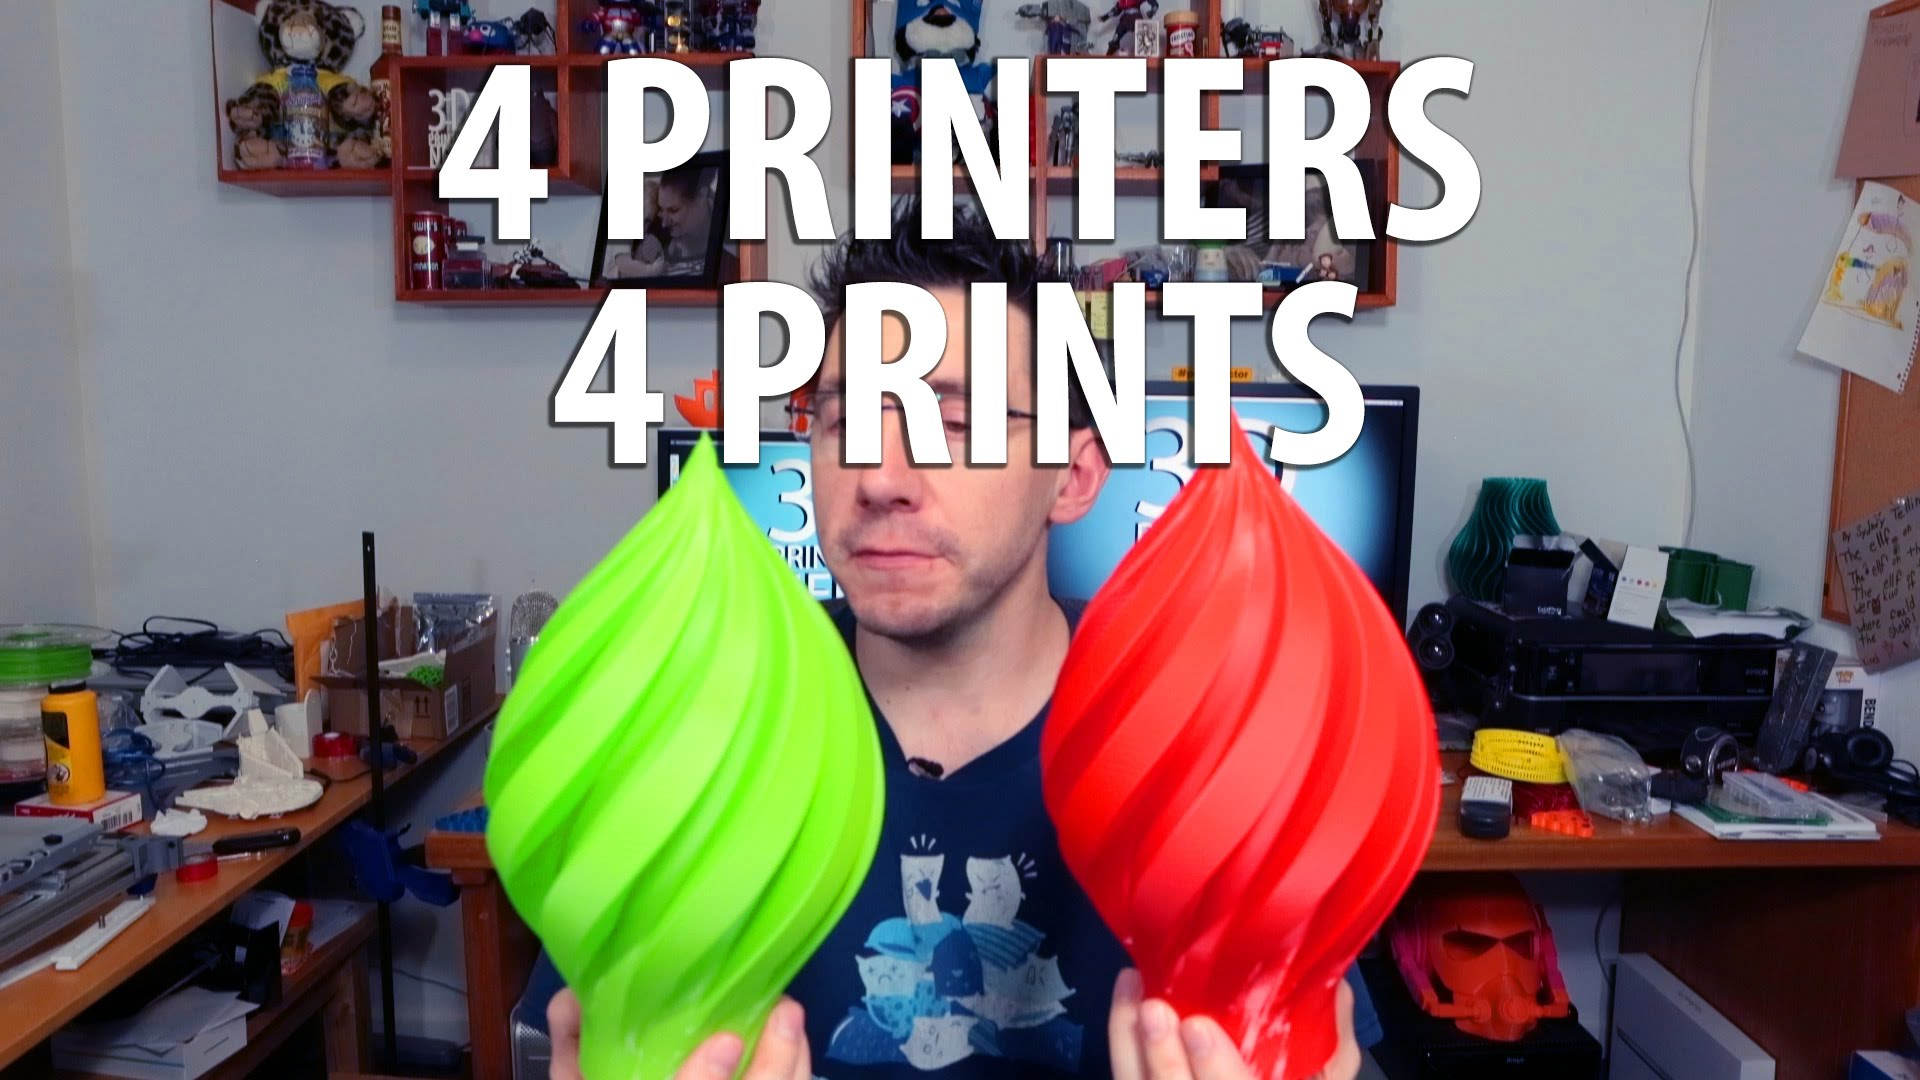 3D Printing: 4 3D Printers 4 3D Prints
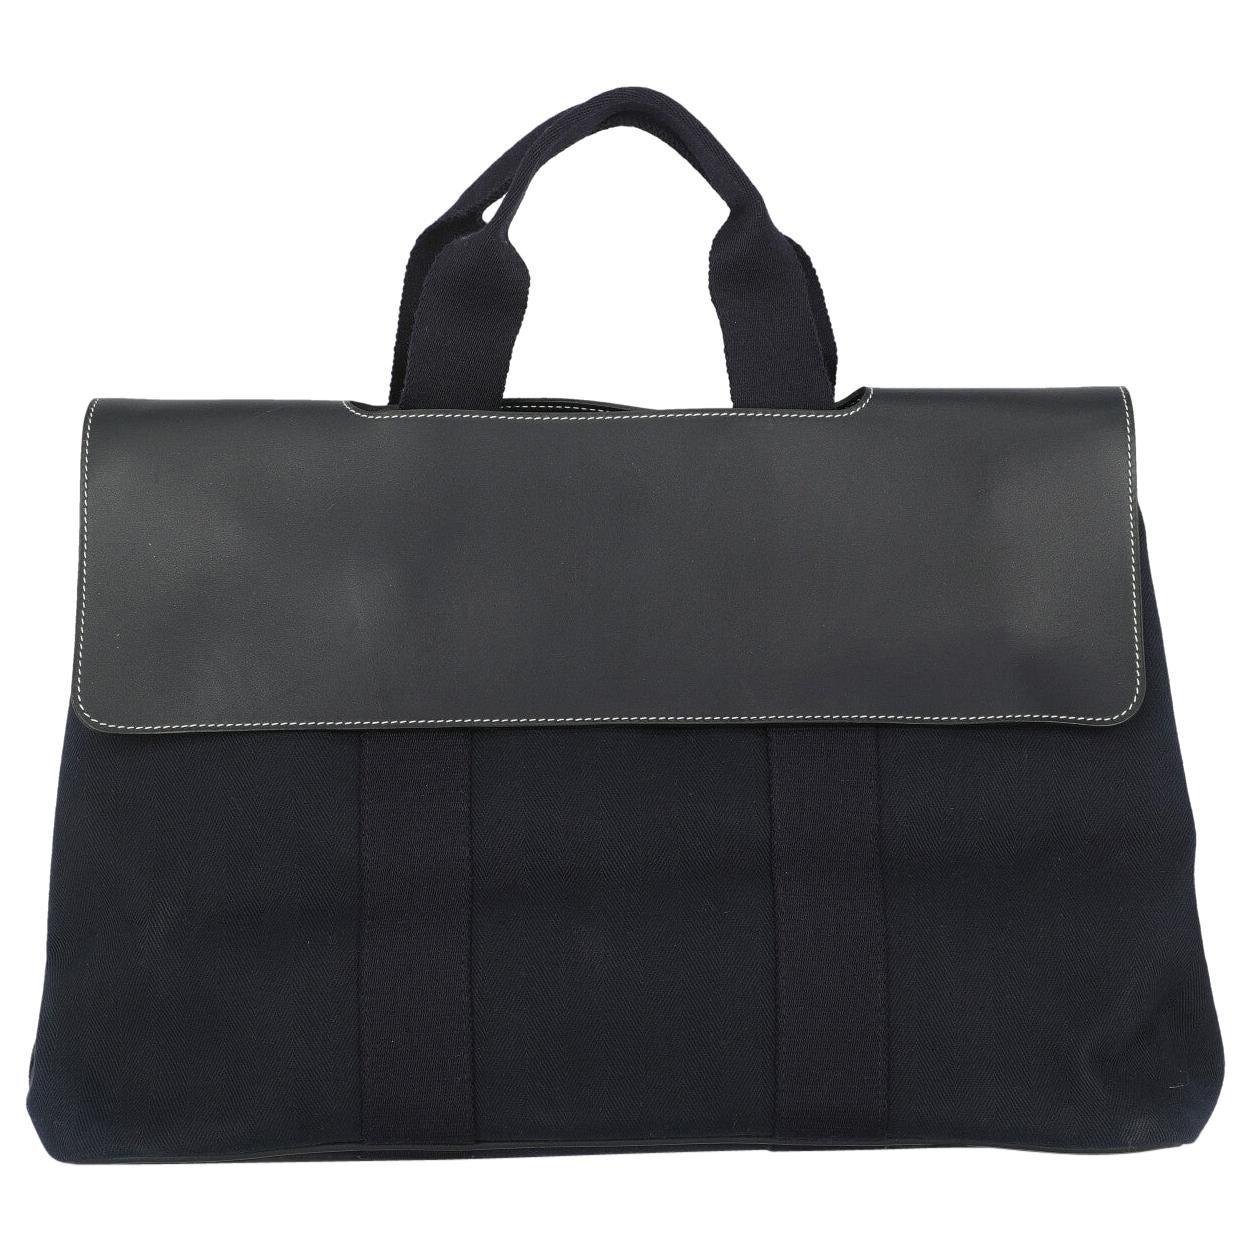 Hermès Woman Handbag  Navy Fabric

==

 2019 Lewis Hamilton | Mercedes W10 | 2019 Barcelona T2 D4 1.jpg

==

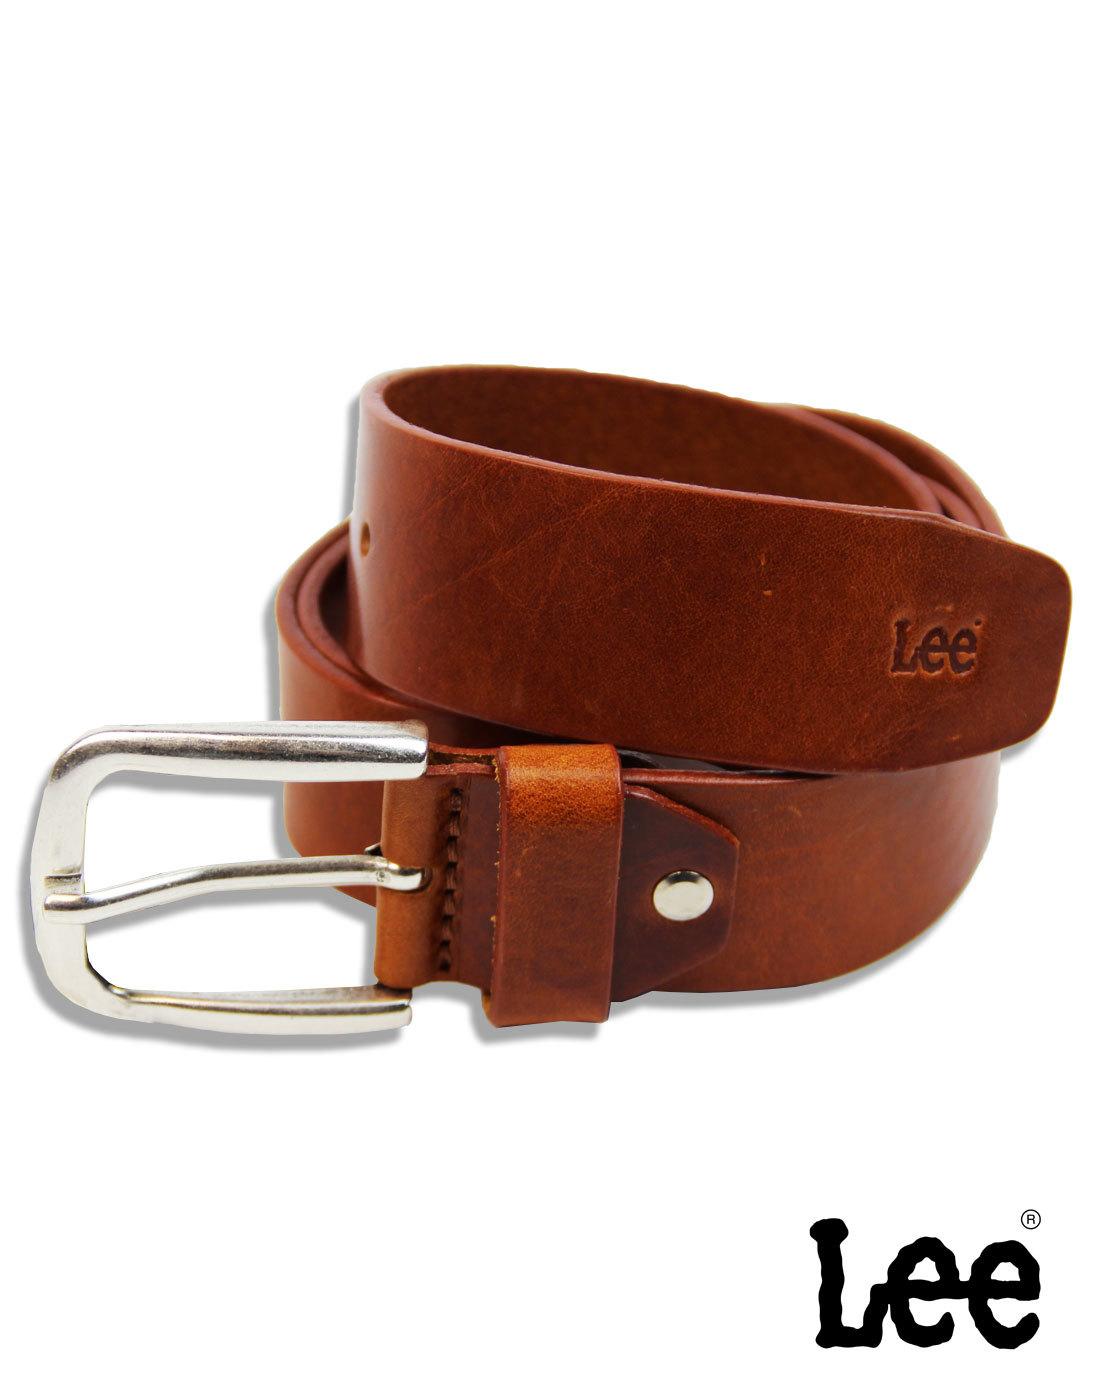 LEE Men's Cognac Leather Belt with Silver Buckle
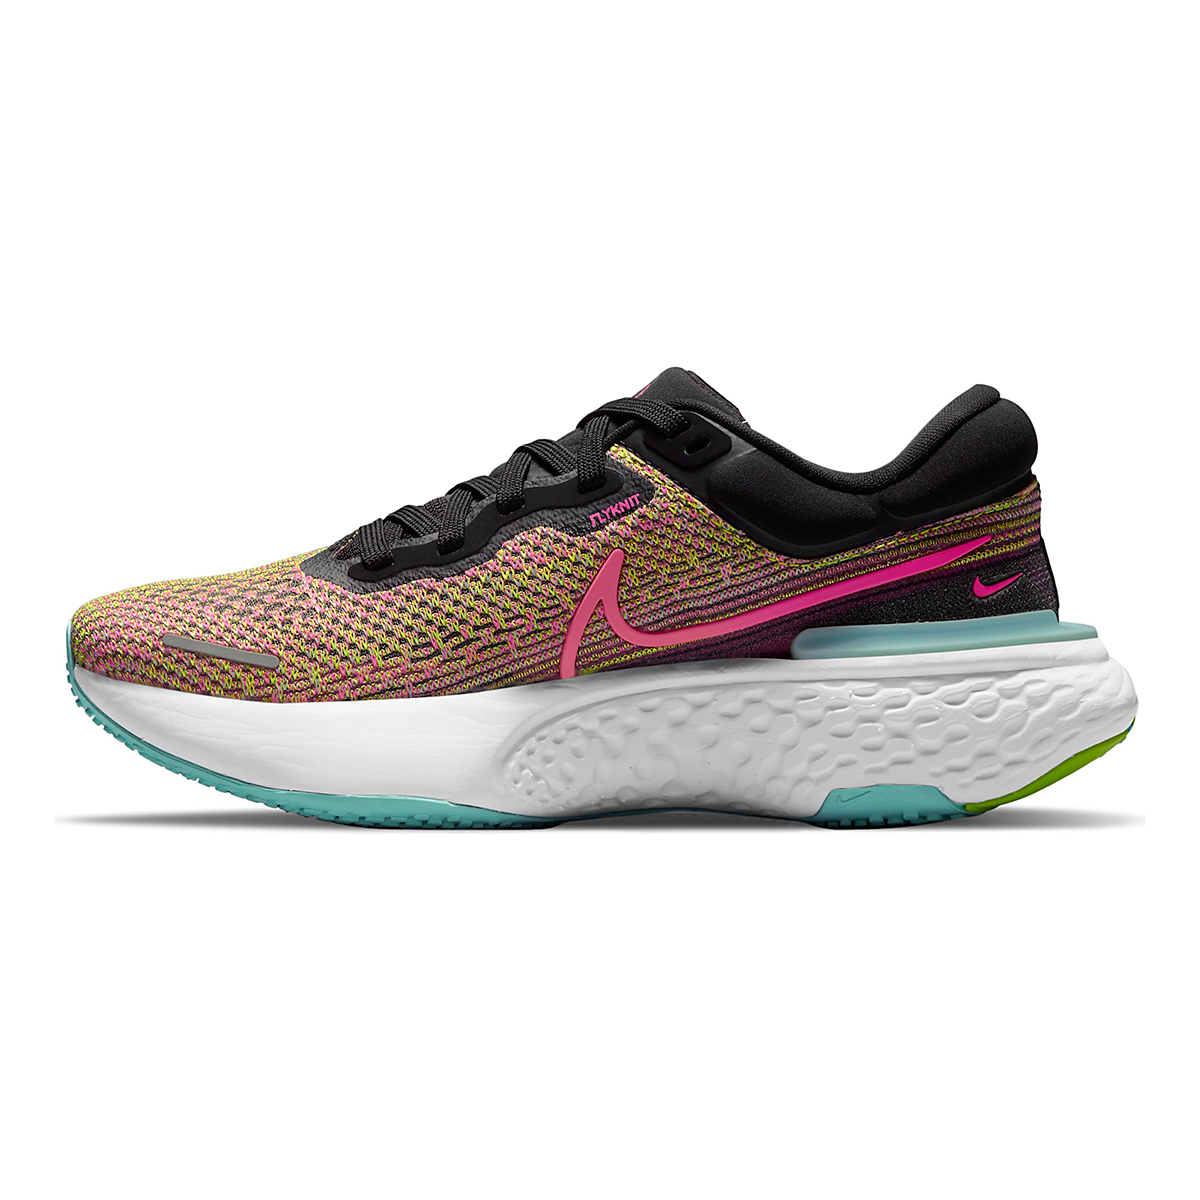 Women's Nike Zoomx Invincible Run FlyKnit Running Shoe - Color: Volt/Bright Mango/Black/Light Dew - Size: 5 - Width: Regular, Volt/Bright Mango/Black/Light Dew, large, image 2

● **TASK GOAL**
Each line above starting at the one holding "LEE Men's Cognac" and ending at the one holding "Women's Nike Zoomx" should be set down exactly as it stands, both ends included, with no pictures.

● **SOLVED PROBLEM**
 LEE Men's Cognac Leather Belt with Silver Buckle
 Women's Nike Zoomx Invincible Run FlyKnit Running Shoe - Color: Volt/Bright Mango/Black/Light Dew - Size: 5 - Width: Regular, Volt/Bright Mango/Black/Light Dew, large, image 2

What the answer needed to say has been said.